12

****

みつけた


みつけた


とうとう

見つけた


そうだ


もうすぐ安寧の中に


闕如けつじょなく全てが並んで揃い


全て一からやり直せる


いいや

以前より上手くやる


まずはあいつ


あいつには報いを


それが済めば


幸福がここに


すぐそこまで


あお


覚めるような青


いつもそこにいたのに


もっと早く気付いていれば


でも


もう失わない


だから


心配ないから


安心して

いいから

****




「透明人間を作った企業に殴り込みか」



 口に出してみても、浮ついた印象が拭えない。

 どうにも間抜けだ。複雑怪奇な事態にそぐわない。

 張り詰めていた緊張感が削がれ、自分が見当違いのことをやっているように思えてしまう。

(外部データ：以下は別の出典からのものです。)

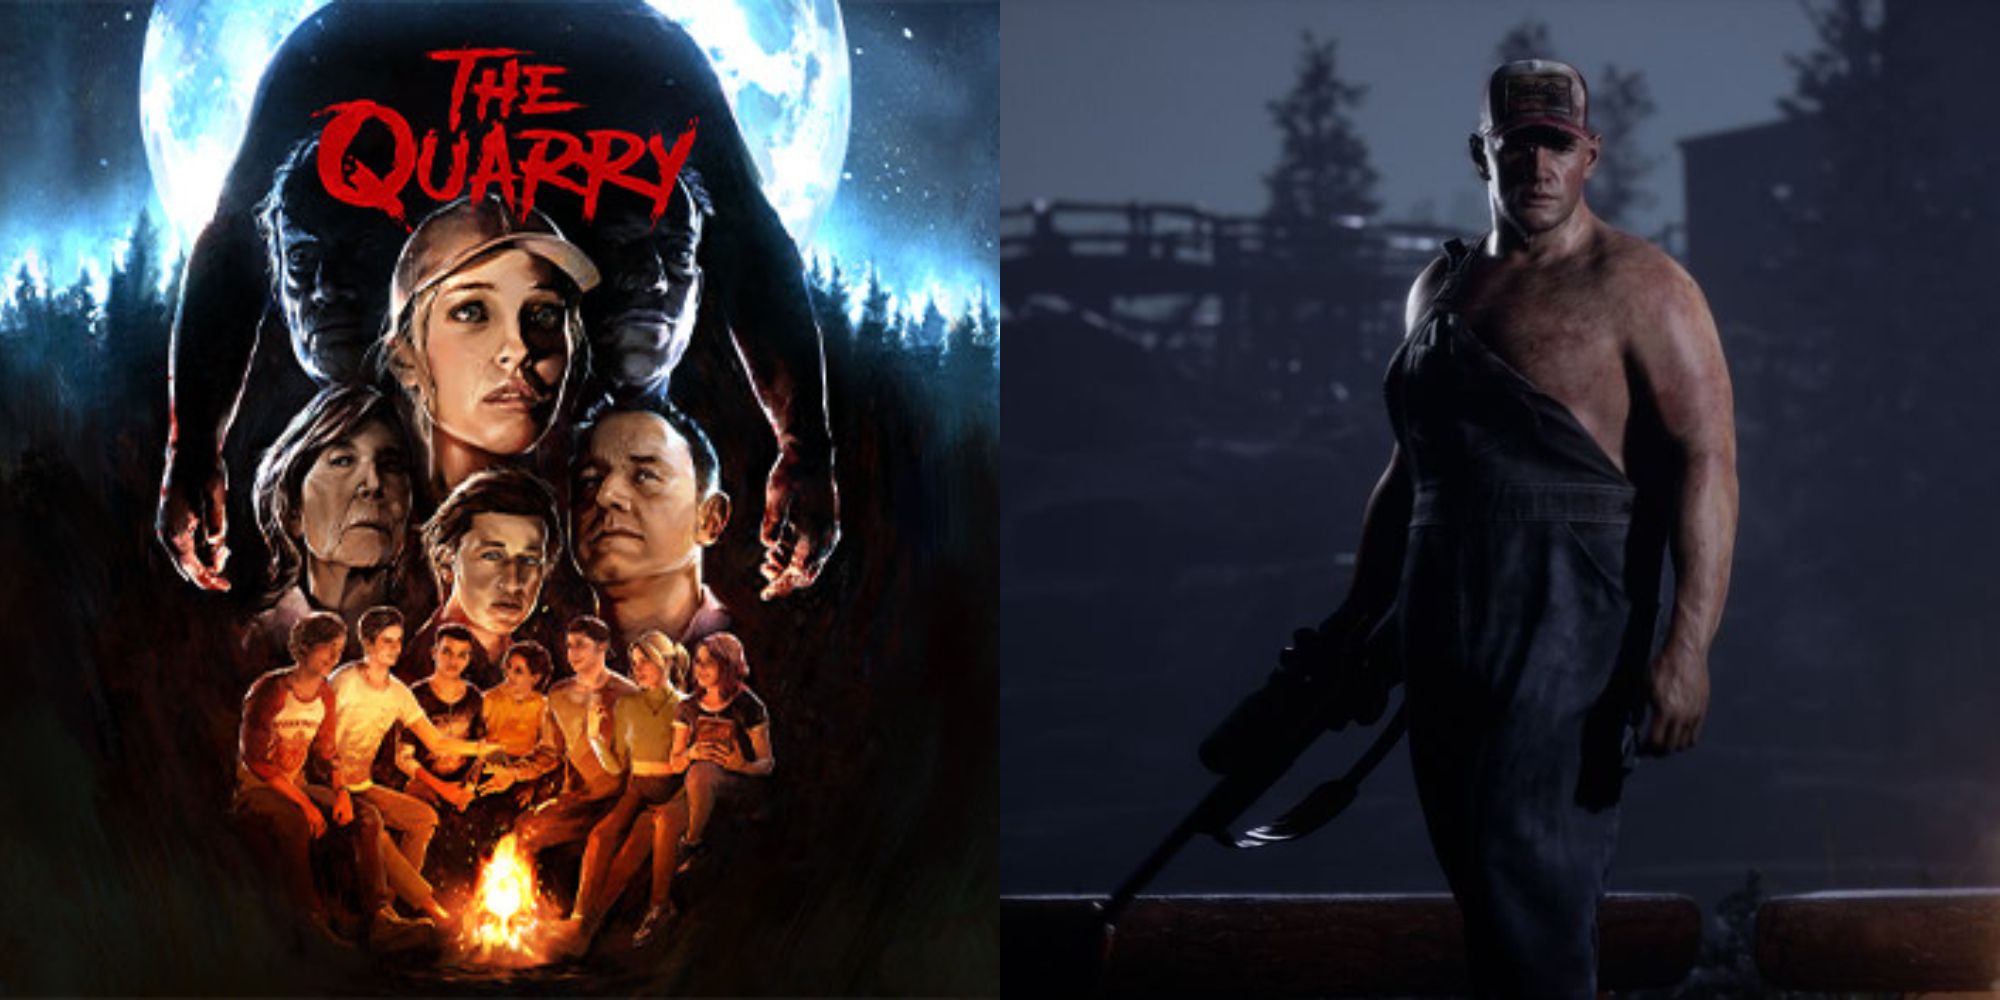 Split image showing the poster for The Quarry and the character Bobby.

 「透明人間を作る」だなんて、嗤い捨ててやるのが正解だ。

 

 けれど暗宮進次はここに来た。


 相手にするには巨大に過ぎる。

 敵視するには曖昧で。

 軽視するには重い存在。


 サンシ製薬。

 その本社。

 時刻は午後6時30分。

 同県真櫂まがい慧瀨えせに存在する、巨獣の心臓、秘め事の牙城。


 ここに棲むともがら共に用がある。警察組織と繋がっていた、神をも畏れぬ臆病な不正者。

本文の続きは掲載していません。